Relaxation: Unlike their human counterparts, dogs don't usually need to be taught relaxation techniques. Watch Pooch sprawl out on his favorite rug and you'll know what I mean. We should be the ones to learn how to relax and meditate, taking our cues from the experts: animals.
But Pooch also knows instinctively when there is trouble or stress within his own human family. The stress could possibly set off a hot spot. The best advice I can give here is to get to the root of the stress, and give Pooch a relaxed atmosphere . . . for his skin's sake.
Love: Love is the great calmer, the perfect reliever of skin tension. Give Pooch all the loving, petting and hugging you can, and watch his skin literally gleam with the attention.
So there you have it—hot spot therapy from the holistic point of view. Exercise, nutrition, relaxation and love are the perfect combination for promoting not just healthy skin but total body health.

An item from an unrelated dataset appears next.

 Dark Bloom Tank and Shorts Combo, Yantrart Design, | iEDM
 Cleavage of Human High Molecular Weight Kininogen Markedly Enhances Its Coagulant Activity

Dr. Kidd, a long-time contributor to MOTHER EARTH NEWS, is a Kansas-based veterinarian with advanced training in pathology and clinical pathology. He has a special interest in holistic health care for animals and their owners.
It's true that a lot of fleas can be devastating to any dog. But over the years I've seen many perfectly happy and healthy dogs with fleas galore . . . and other dogs that were religiously kept flea-free but still suffered from massive itchy skin problems. It seemed that a killer load of fleas for one was barely a bother to another.
Recent research supports this observation. Studies have shown that the presence of a small number of fleas may, in the long run, actually help of Spot. Apparently, a dog with fleas develops an immune response that a dog kept flea-free never has a chance to muster. So the usually flealess dog, when he does get bit by an errant flea, has a good chance of developing a hot spot reaction to the bite.
Looking at these studies, it appears that launching all-out attacks on your pet's fleas might not be the best long-term strategy.
There are, however, a couple of catches to this. First, all the dogs in the studies developed skin problems (including hot spots) if they had too many fleas. So, you need to know how many fleas are too many, and this varies with each individual dog.
Second, some dogs react severely to fleabite, no matter how small the exposure.
Third, many of the studies noted that the dogs who had the fewest problems with fleas were typically the dogs kept outside. Does simply being outdoors have a beneficial effect on the body's ability to resist fleabite dermatitis? We don't know for sure, but at this stage it seems a reasonable assumption.
So now I look at fleas in a different light. I still go after severe infestations with vigor. But I almost encourage some of the little crawlies on my own dogs. This approach allows me the "luxury" of using some of the herbal flea repellents. In general, these aren't as effective as the chemical kinds, but I'm no longer looking for 100% results anyway.